Journey to Jamaa (also released as Jamaa) is a 2011 Ugandan short film and family drama (about 42 minutes long) based on the true story of two Ugandan AIDS orphans who go on an extraordinary journey and take with them a mysterious box on wheels. Sometimes called (Road to) Jamaa, it was directed by Michael Landon, Jr. and screenplay written by Brian Bird. It received 3 nominations at the 8th Africa Movie Academy Awards.

==Plot==
After their HIV positive mother's death, Derick and Margaret collect wood and construct a human-length box with wheels. Then, they journey with it from Kampala to Kasangombe in a heartbreaking bid to overcome poverty and experience hope. The journey throws them dangerous experiences on unpredictable Ugandan roads. Their mother's dying wish had set them off on a seemingly impossible journey to find a relative they do not even know.
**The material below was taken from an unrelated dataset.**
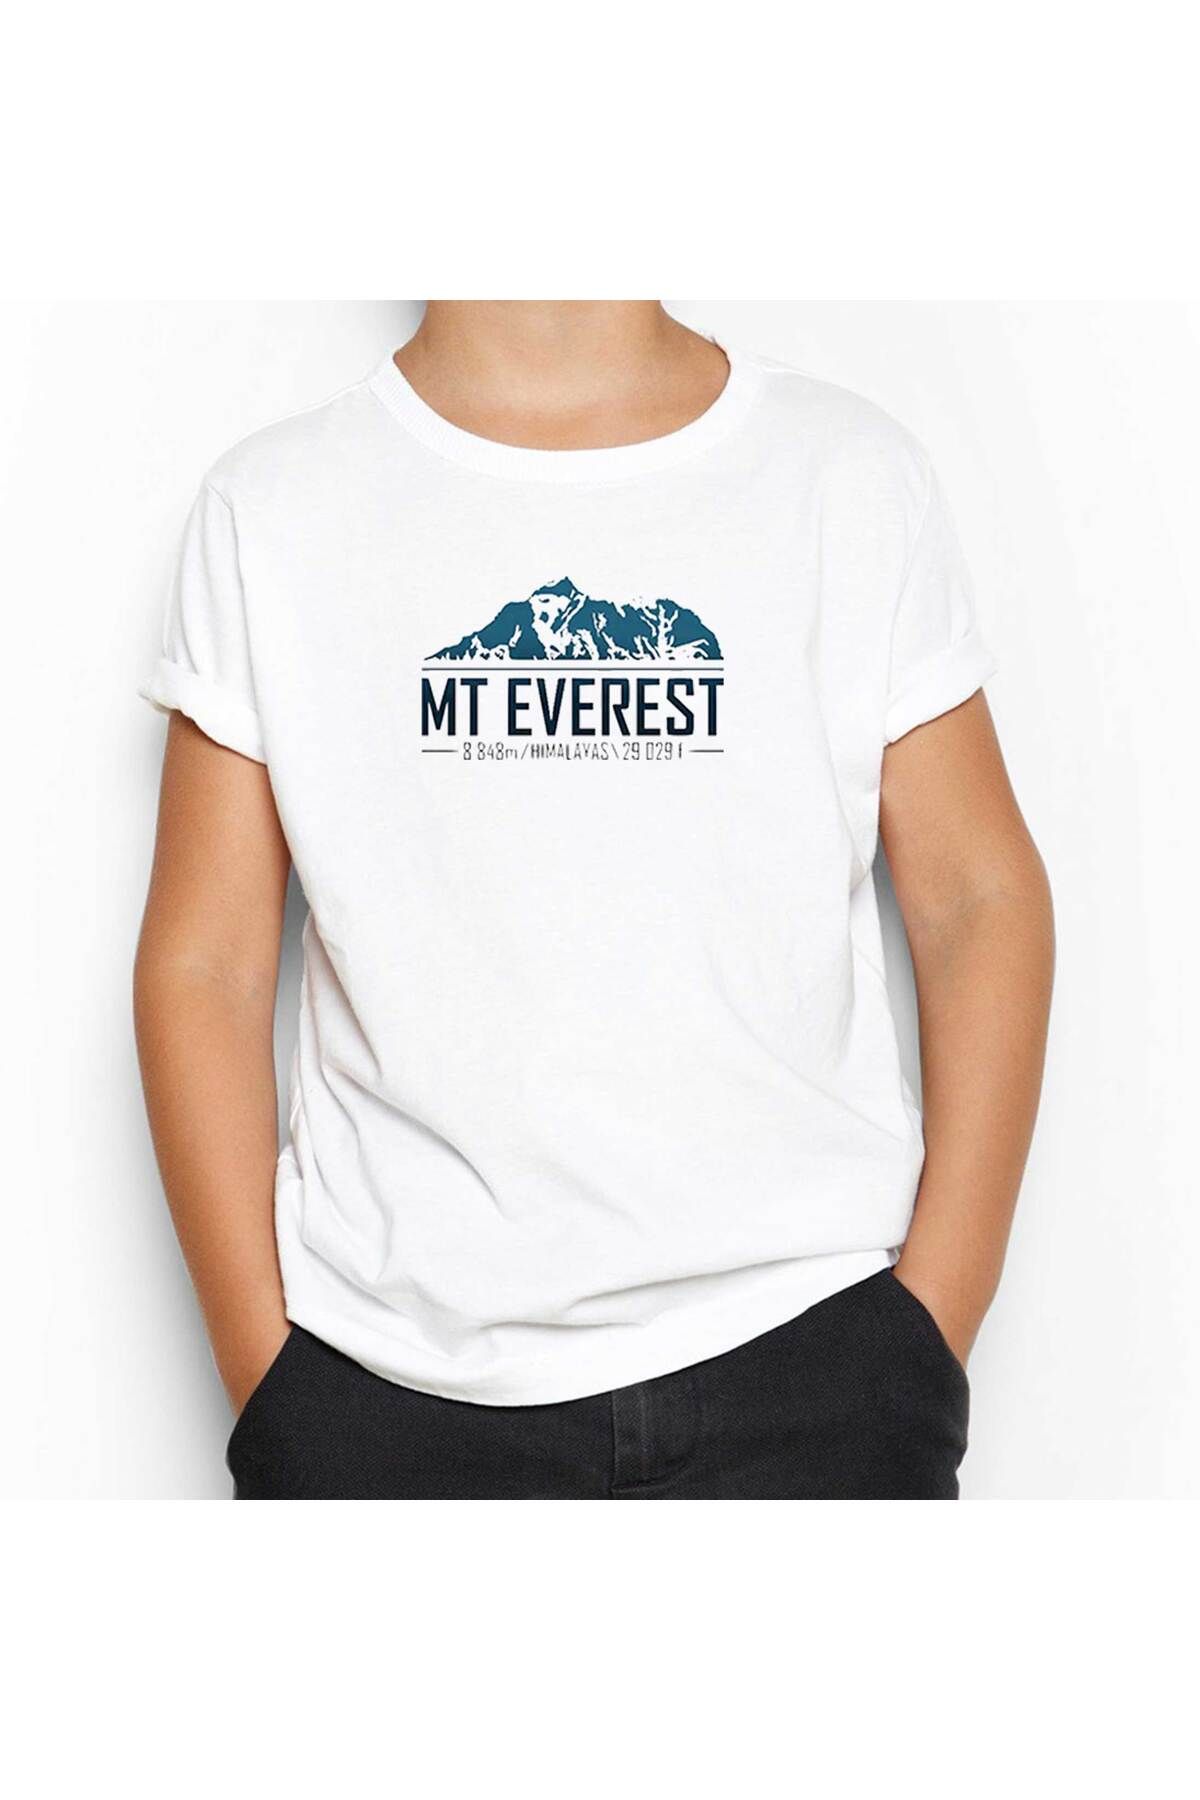 Genel Markalar Everest 8848 m Beyaz Çocuk Tişört 13-14 Yaş

Before her death, she leaves them an envelope addressed to her sister (their auntie) who is married to a hard-working man living in a distant village called Kasangombe with their kids. Ingeniously, Derick creates a coffin using wood he collected from a rubbish dump and adds luggage bag rollers brought by Margaret. On their journey from Kampala City to their aunt's place, they are offered a lift by a seemingly kind man (played by Joel Okuyo Atiku) in a truck who is amazed by their "box". He introduces them to a kid he had taken under his wings relaxing at the back and shows them a photo of a house they can possess if they work for him. At night though, Margaret sees a scary dream where their helper is not exactly as kind as he seemed so she runs out of the truck. Derick follows and the boy throws out their coffin before waving. They walk the rest of the distance.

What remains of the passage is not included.